Recently international exploration companies have come out with their machinery and have eventually found a new home in the Kalahari Copper Belt. There are two mines on the offing at the Kalahari Copper Belt – the T3 (Motheo) project of Tshukudu Metals Botswana and the Zone 5 project of Khoemacau Copper Mining. These projects are expected to take off by 2020.
The most recent company showing desire for Botswana copper is the Australian copper producer Sandfire Resources which has even taken a bold step of engulfing a fellow Australian copper explorer MOD Resources, an entity with copper rights in this country. Sandfire will take over MOD together with its Botswana businesses or subsidiaries.
MOD Resources, listed on the ASX and LSE, owns the T3 copper project in Botswana where a prefeasibility study estimated that the project would require a capital investment of P1.5 billion for development of an open pit operation and a plant with a 2.5-million-tonne-a-year throughput capacity, producing 23 000 t/y copper and 690 000 oz/y of silver in concentrate.
Sanfire Resources’ cornerstone asset is the high-grade, low cost DeGrussa Copper-Gold Mine in Australia. According to the company, it also has an interest in the Black Butte copper project in Montana, USA. Before having an eye on African or Botswana, Sandfire is strategically focused on exploring for and bringing on new production that can in the short run augment its current production and in the long run, replace production as DeGrussa production diminishes and ultimately ceases.

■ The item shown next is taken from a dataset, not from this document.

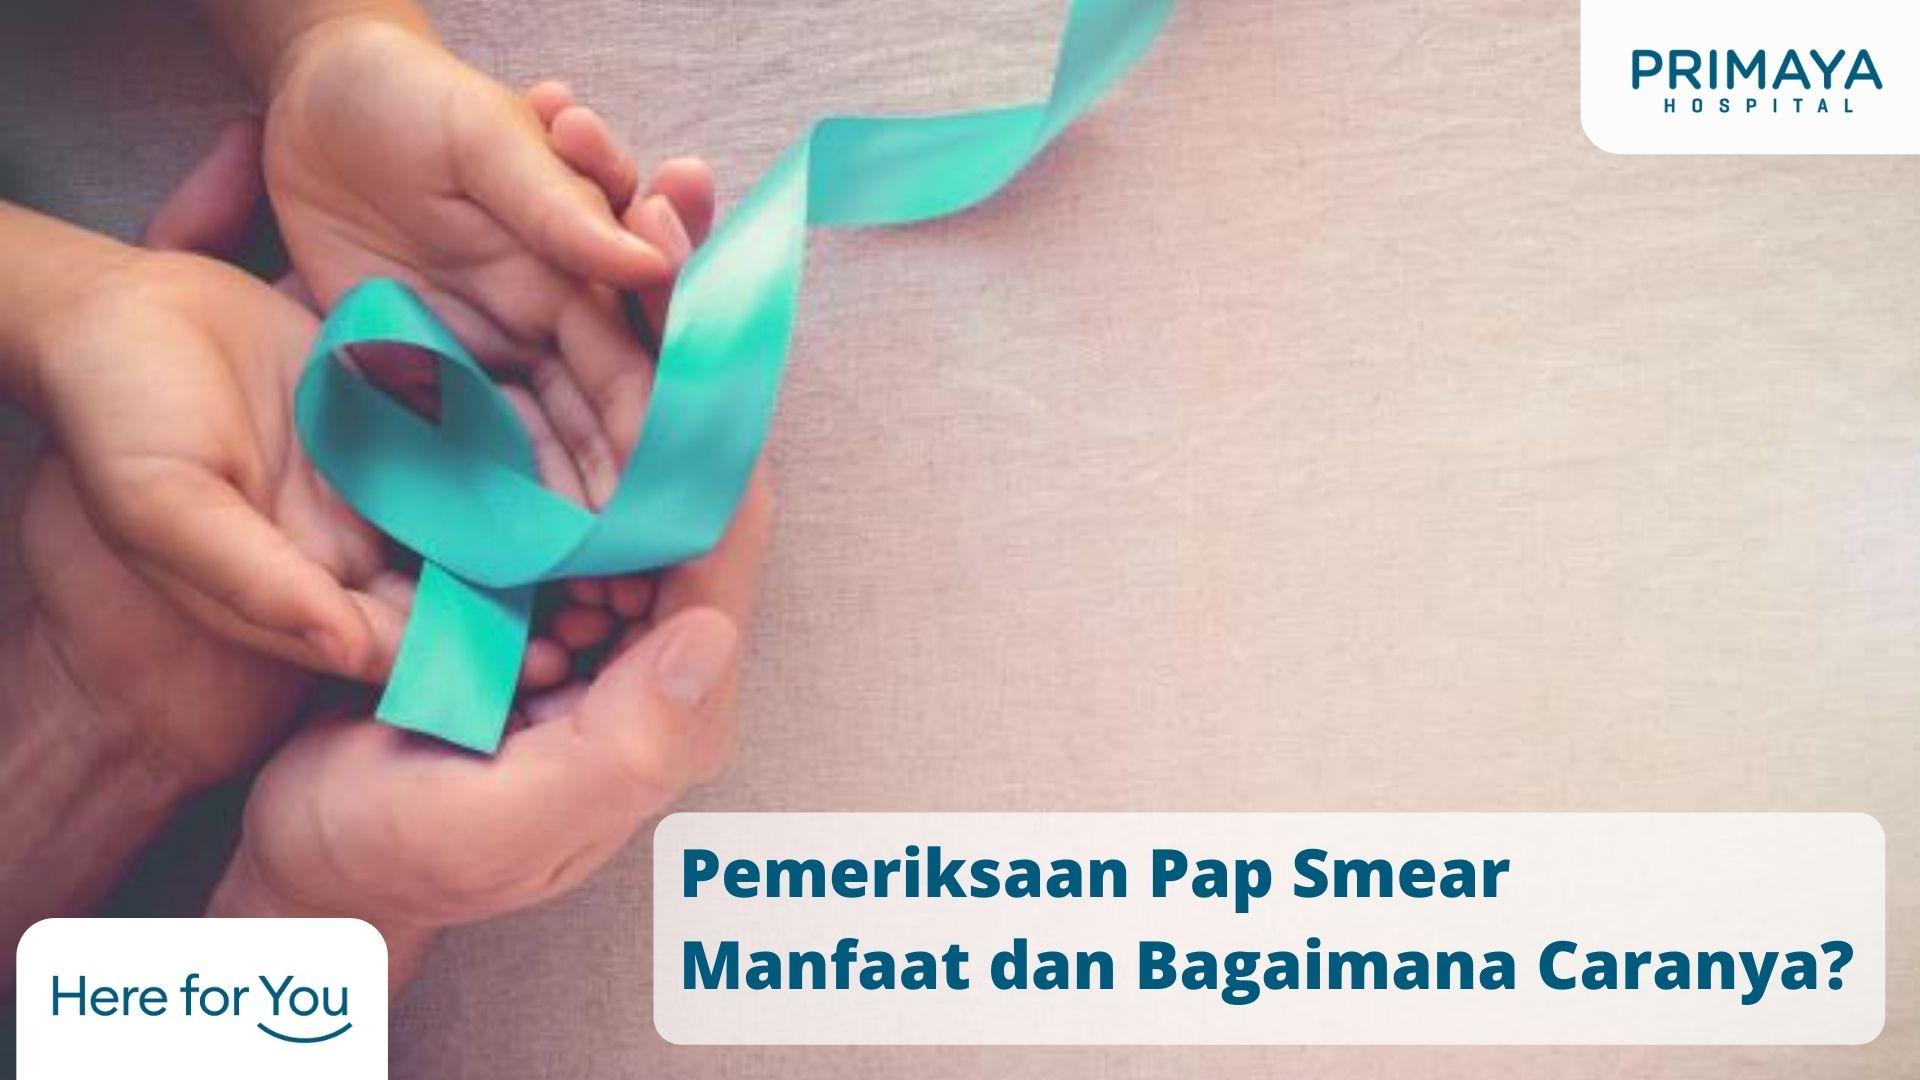 Pemeriksaan Pap Smear, Manfaat dan Bagaimana Caranya?

Now Sandfire is aiming for the “highly prospective, dominant landholding on the underexplored Kalahari copper belt in Botswana.” According to information from the Australian bourse, combination of Sandfire and MOD leverages the strengths of both companies to both optimise and de-risk development.
According to information seen by this publication, the T3 Project in Botswana meets Sandfire's investment criteria, including returns, cost profile, scale, life and upside potential. This also represents an attractive premium for MOD shareholders, whilst providing a funding solution for the development of T3 and retaining exposure to MOD’s significant exploration potential, according to information received.

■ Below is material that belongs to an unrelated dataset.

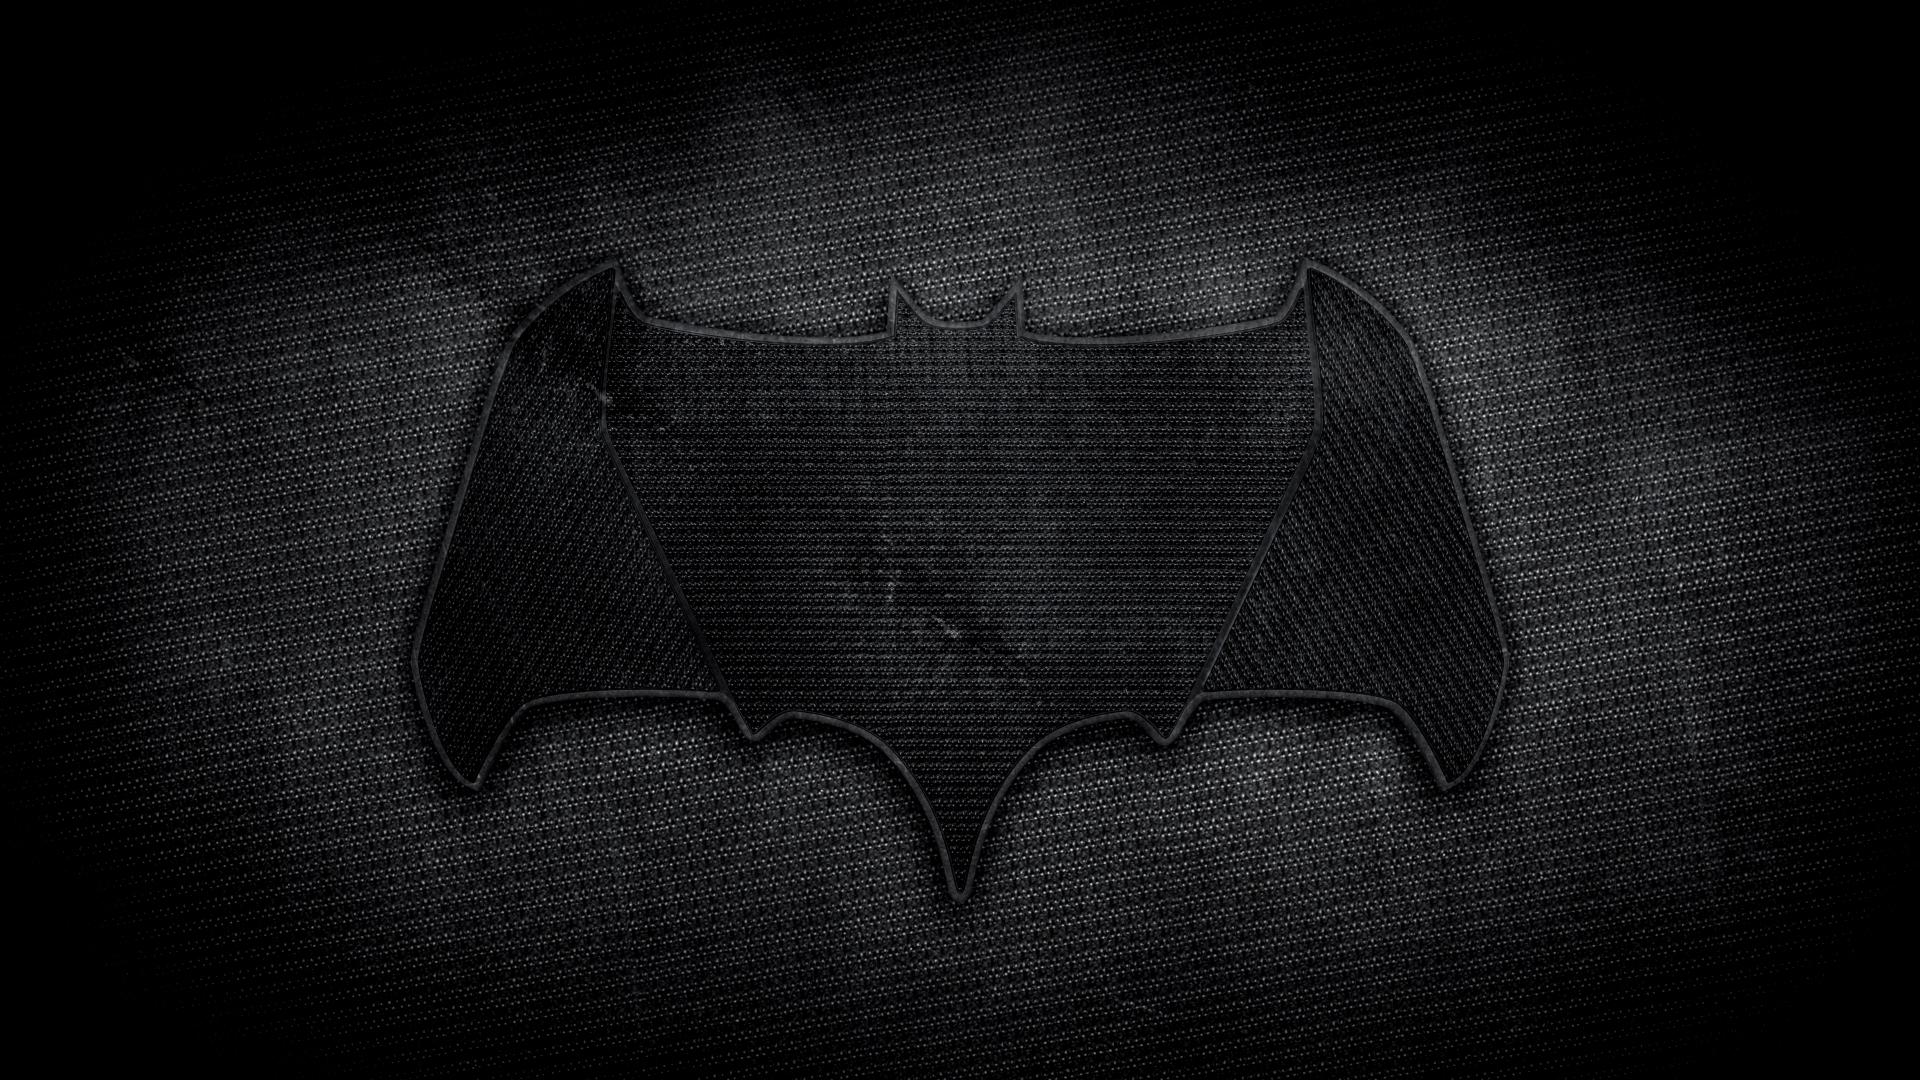 Batman Logo In Vs Superman Dawn Of Justice Movie 2016 1920x1080

Competition Authority has recently received a merger notification for the proposed acquisition of the entire issued share capital of MOD Resources by Sandfire Resources. The local antitrust body is interested in this acquisition due to MOD’s control on Botswana listed entities which will be involved in this transaction as subsidiaries or shareholders. MOD controls MOD Resource Botswana which owns Tshukudu Metals Botswana.
Tshukudu Metals Botswana is a company incorporated in accordance with the Laws of the Republic of Botswana. Tshukudu Metal does not directly or indirectly control any firm in Botswana. According to Competition Authority, Tshukudu Metals is a mineral exploration company and currently does not provide any service or sell any products into or from Botswana. Its shareholders do not own shares in any other Botswana company.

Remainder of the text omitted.